1 Source: Cambridge Associates. Pooled buyout IRRs over 10-year and 20-year periods through 4Q 2022.
2 Source: “Private equity, history and further development,” Harvard University. As of December 27, 2008.
3 Source: Prof. Gregory Brown, IPC. “Debt and Leverage in Private Equity: A Survey of Existing Results and New Findings.” As of Jan 4, 2021.
4 Source: Journal of Applied Corporate Finance, Vol 19 No 4. “Private Equity: Boom and Bust?” As of fall 2007
5 Source: Cambridge Associates LLC Private Investments Database, FactSet Research Systems, and Frank Russell Company. Data from January 1, 2000 – March 31, 2022.
6 Matteo Binfare, Gregory Brown, Andra Ghent, Wendy Hu, Christian Lundblad, Richard Maxwell, Shawn Munday, and Lu Yi, “Performance Analysis and Attribution with Alternative Investments.” As of January 24, 2022.
7 Source: Prof. Gregory Brown, IPC. “Debt and Leverage in Private Equity: A Survey of Existing Results and New Findings.” As of Jan 4, 2021.
8 Source: Prof. Gregory Brown, IPC. “Debt and Leverage in Private Equity: A Survey of Existing Results and New Findings.” As of Jan 4, 2021.
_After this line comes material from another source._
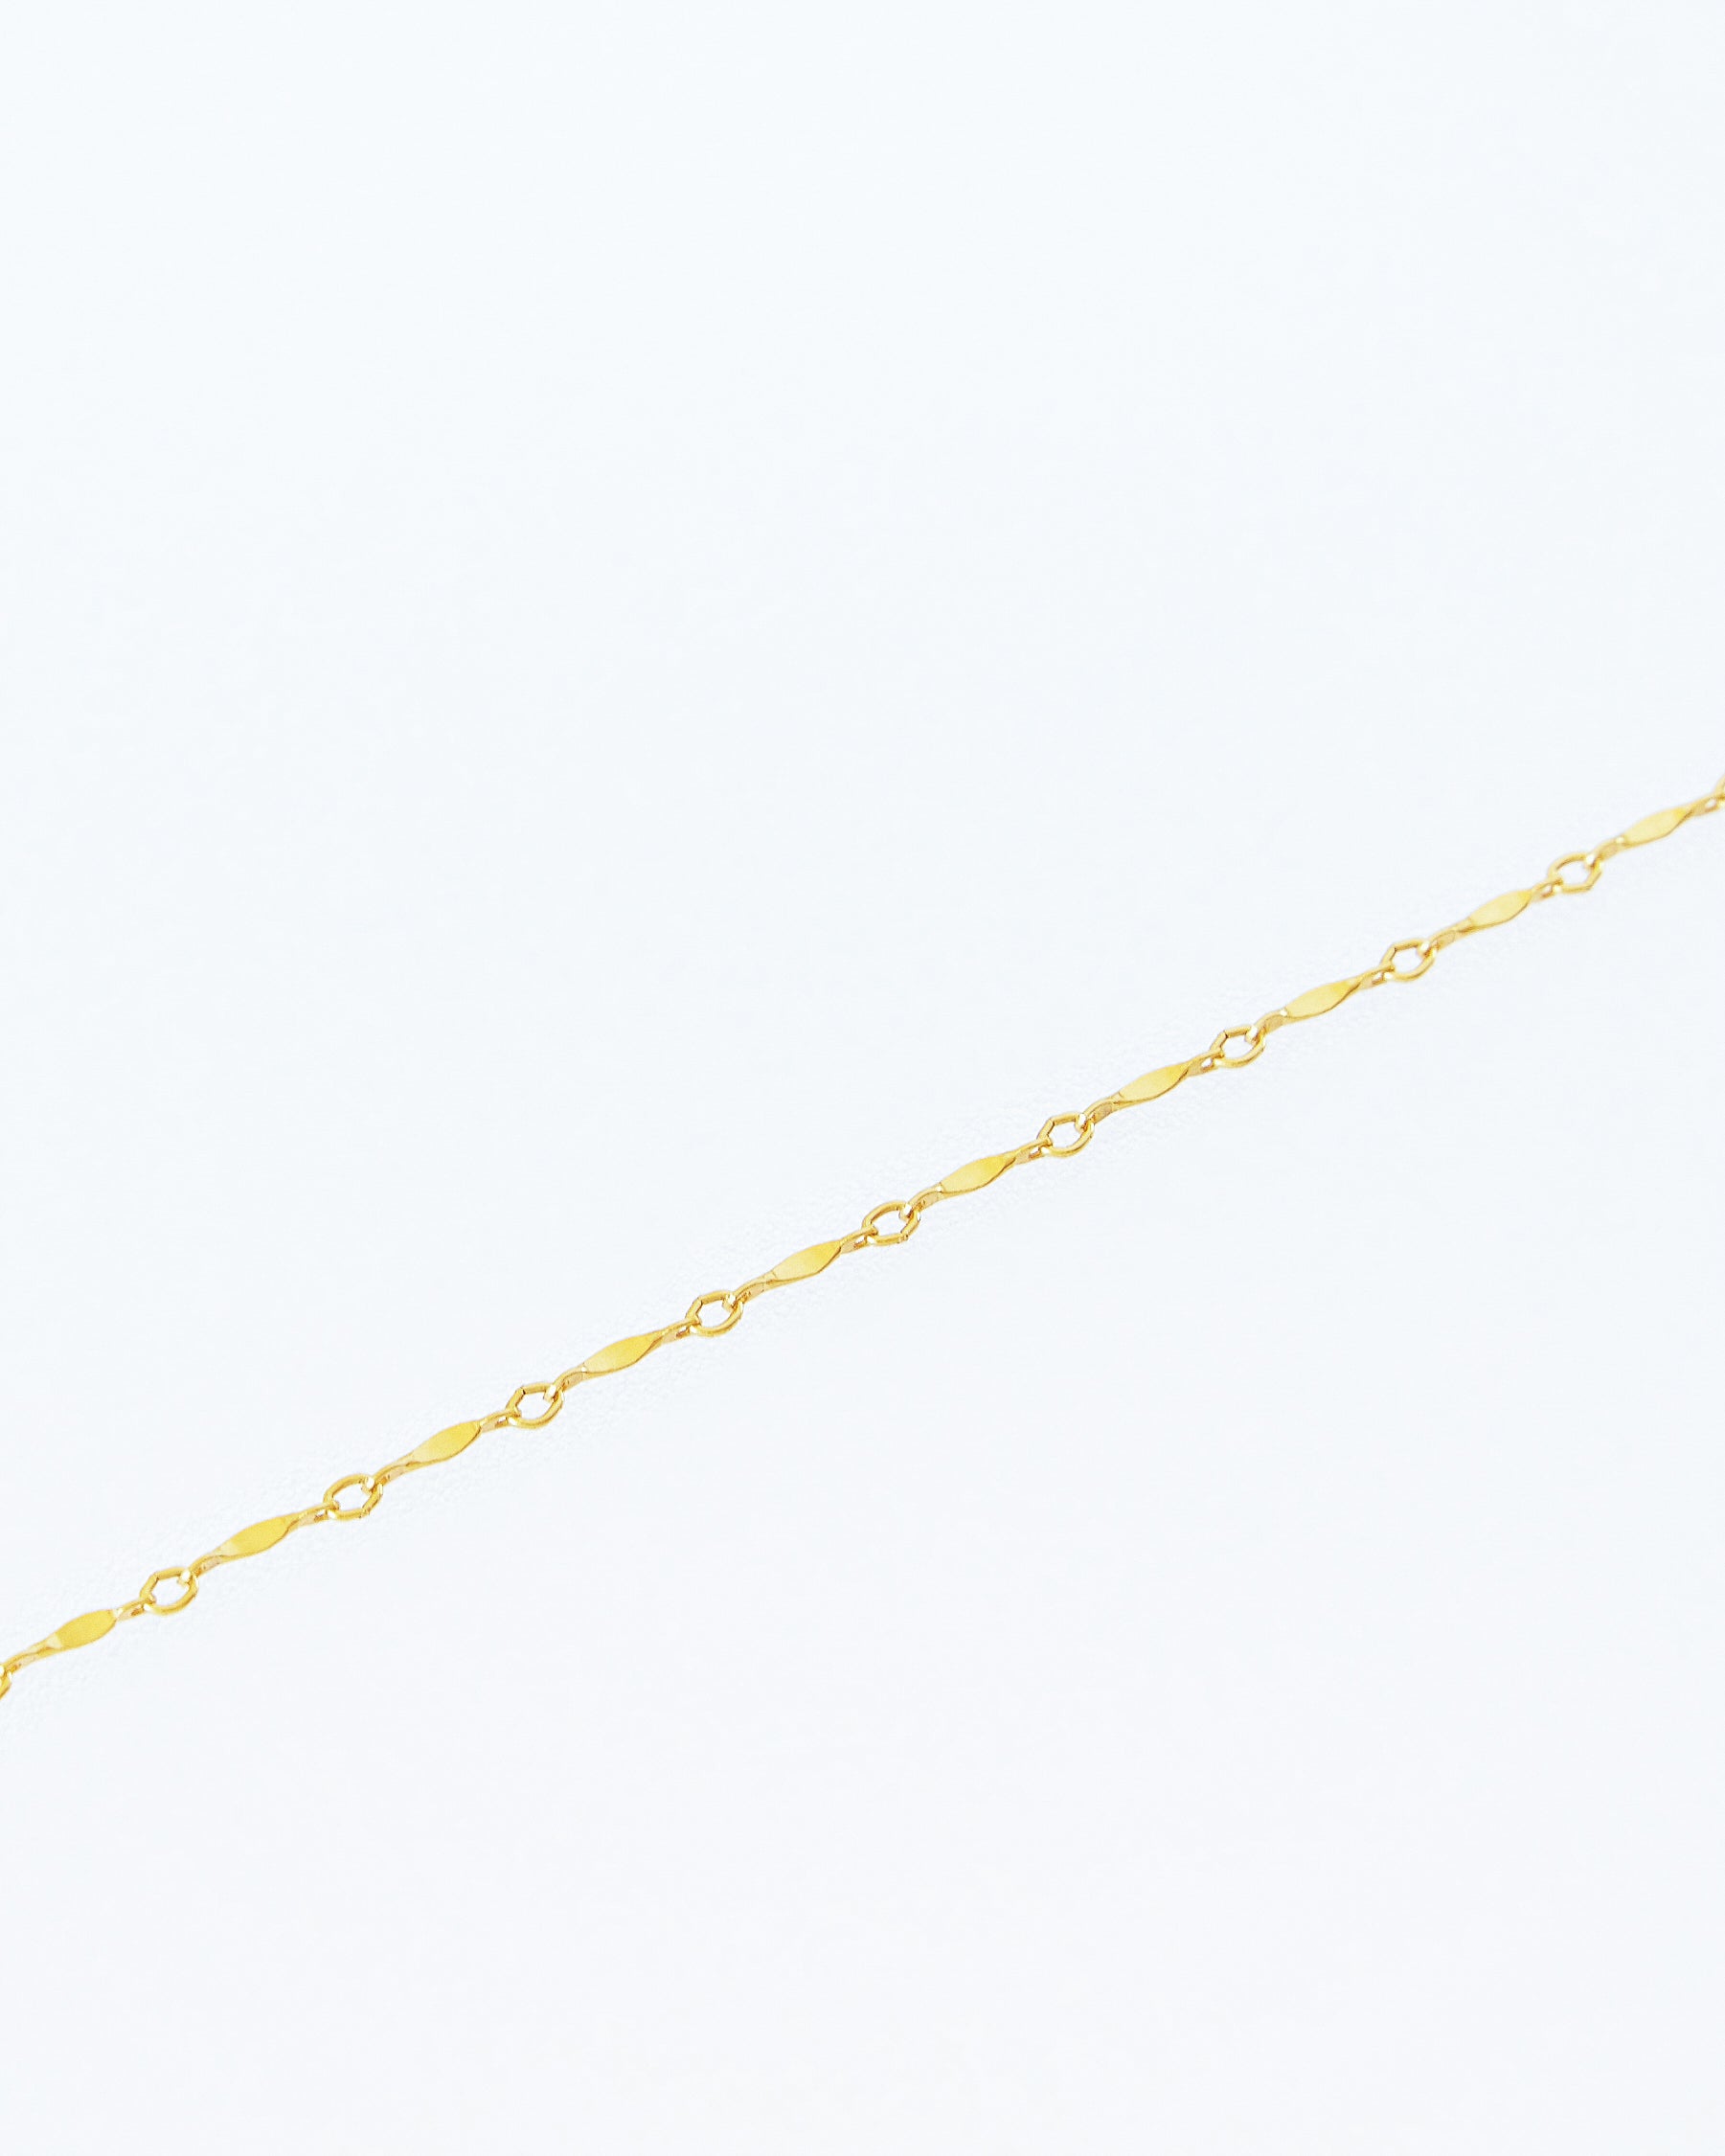 14K Gold Filled Bar Chain Necklace | Inspiration Her Jewellery

9 Matteo Binfare, Gregory Brown, Andra Ghent, Wendy Hu, Christian Lundblad, Richard Maxwell, Shawn Munday, and Lu Yi, “Performance Analysis and Attribution with Alternative Investments.” As of January 24, 2022.
10 Burgiss Company Fundamentals Review. As of 4Q 2022.
11 Based on S&P 500 aggregate revenue annual growth rates as reported by Dr. Edward Yardeni: “Corporate Finance Briefing: S&P 500 Revenues & Earnings Growth Rate.” As of May 29, 2023.